Apply a balanced orchid fertiliser at half strength fortnightly during the growing season (spring to early autumn). Withhold fertiliser entirely during the winter dry rest. Flush the medium with plain water at the end of winter before resuming watering. Apply a balanced orchid fertiliser at half strength fortnightly during the growing season (spring to early autumn). Withhold fertiliser entirely during the winter dry rest. Flush the medium with plain water at the end of winter before resuming watering. Treat that as sparingly through the growing season between spring through early autumn (roughly March to September); ease off in autumn and stop entirely in the low light of winter.

What strength of feed for winged encyclia?

Half strength is the safe default for winged encyclia — houseplant feeds are formulated strong, and the diluted dose is gentler on the roots while still ample for foliage.

What does over-feeding winged encyclia look like?

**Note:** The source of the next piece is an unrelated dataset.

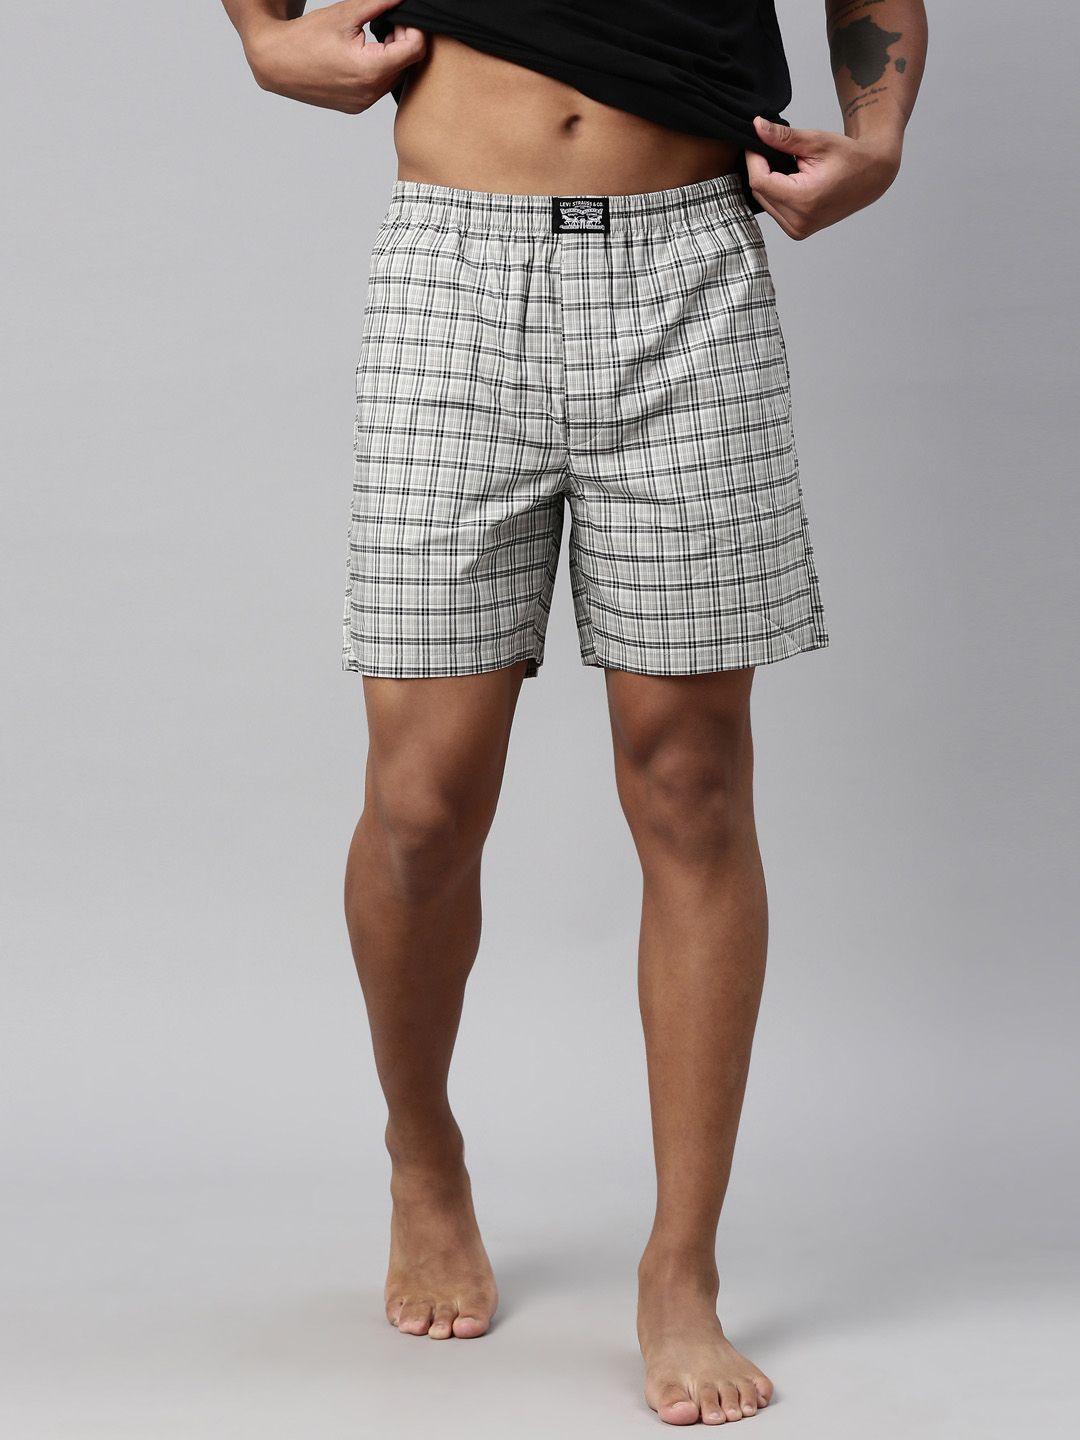 levis-men-smartskin-technology-woven-cotton-boxer-shorts-with-tag-free-comfort-#024
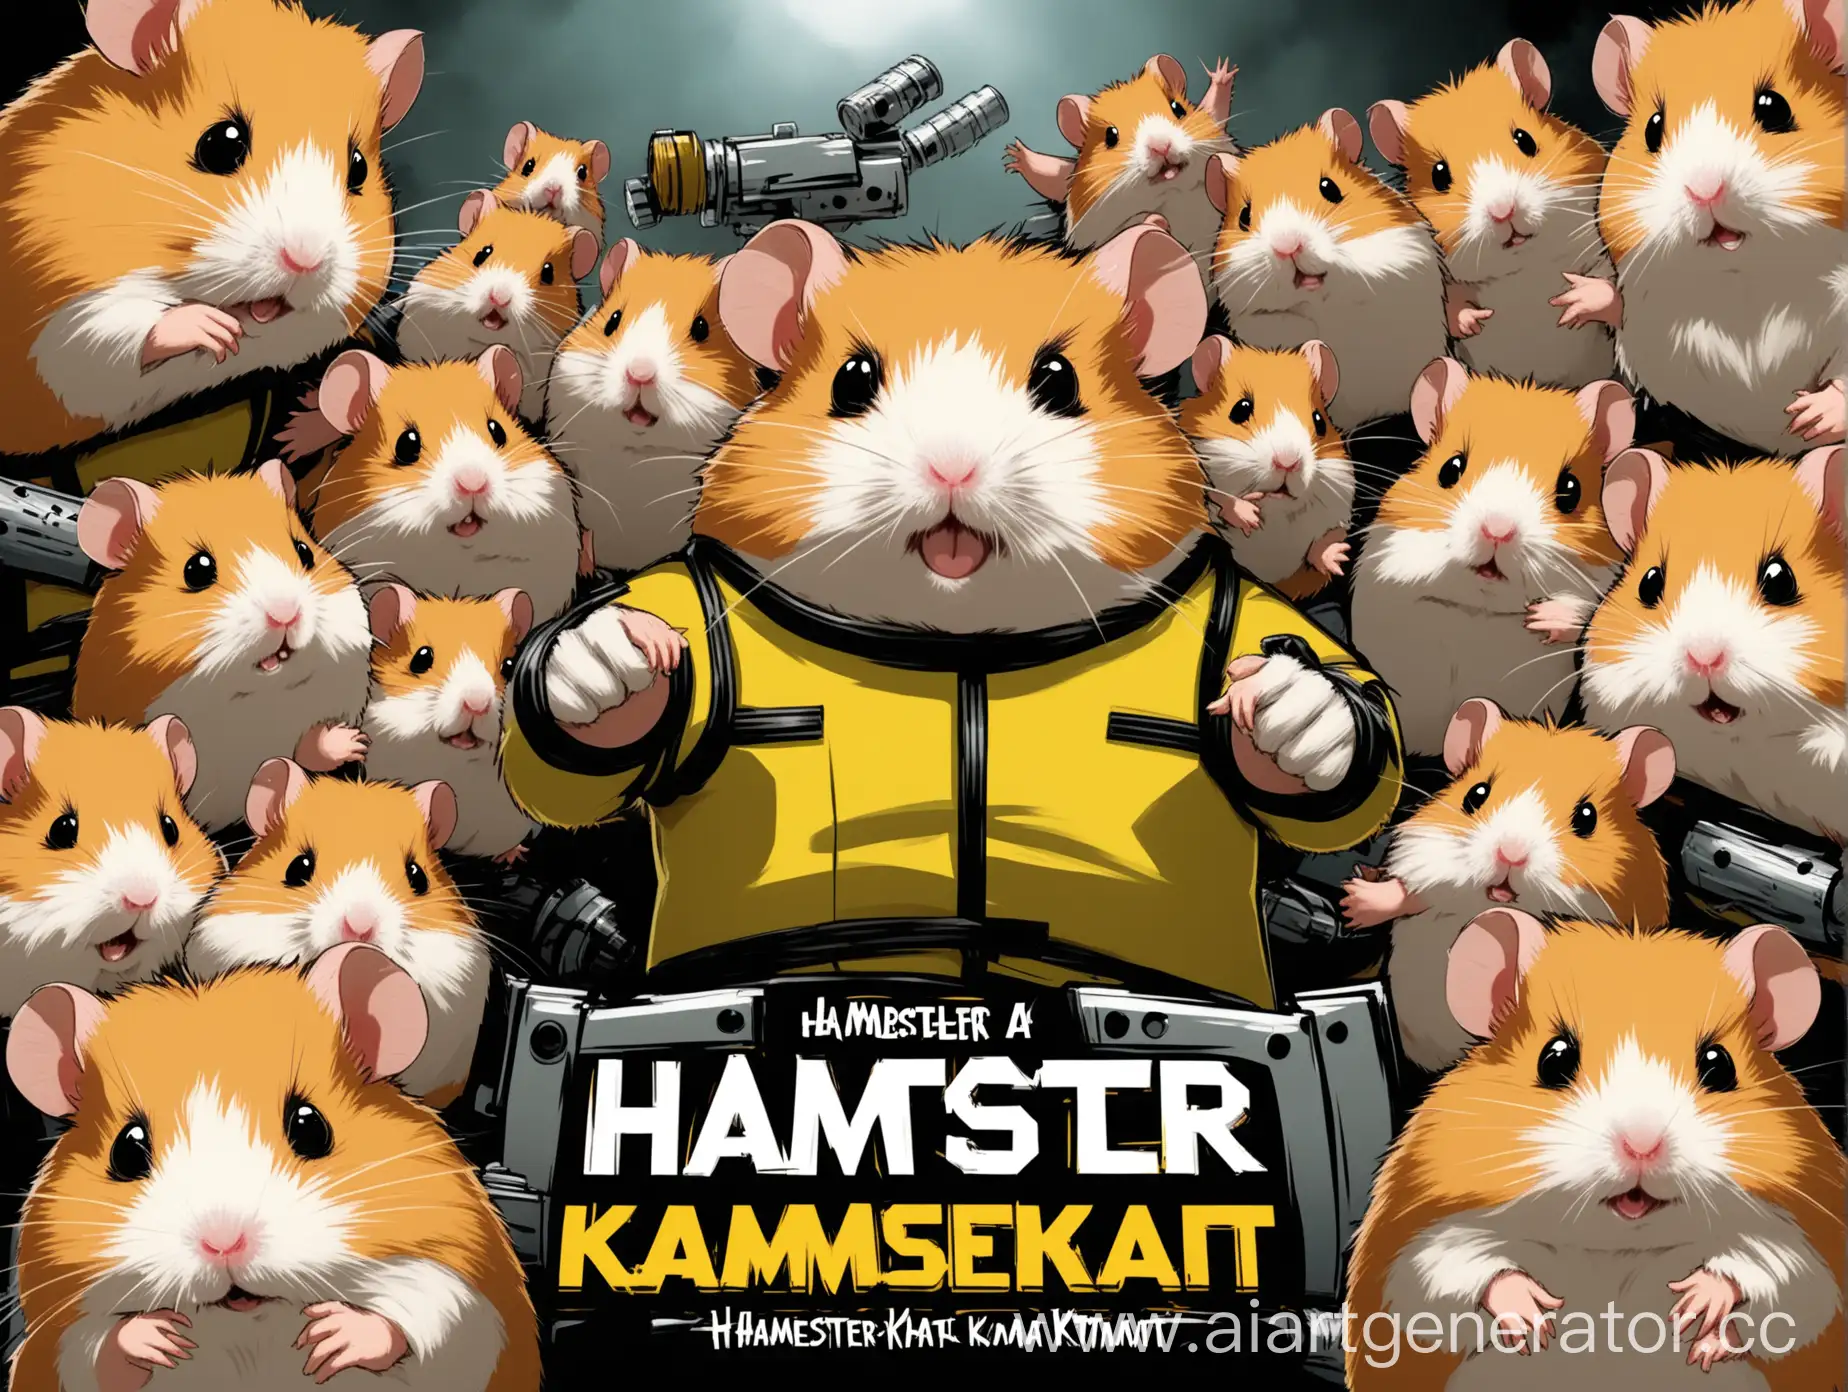 Epic-Adventure-of-Hamster-Kombat-A-Cinematic-Journey-with-a-Brave-Hamster

Brown, crispy leaf tips and edges with no sign of underwatering. A white, crusty salt deposit on the soil surface or pot rim. Weak, pale, stretched new growth that flops. Lower leaves yellow and drop while the soil is correctly watered. Feeding winged encyclia year-round on a fixed schedule, including dark winter months, is the most common mistake — it cannot use the nutrients in low light and the surplus simply burns the roots and crusts the soil.

Should I flush the soil of winged encyclia?

Flush the pot of winged encyclia with plain water until it runs freely from the base every couple of months in the feeding season — it washes out the fertiliser salts that cause brown tips.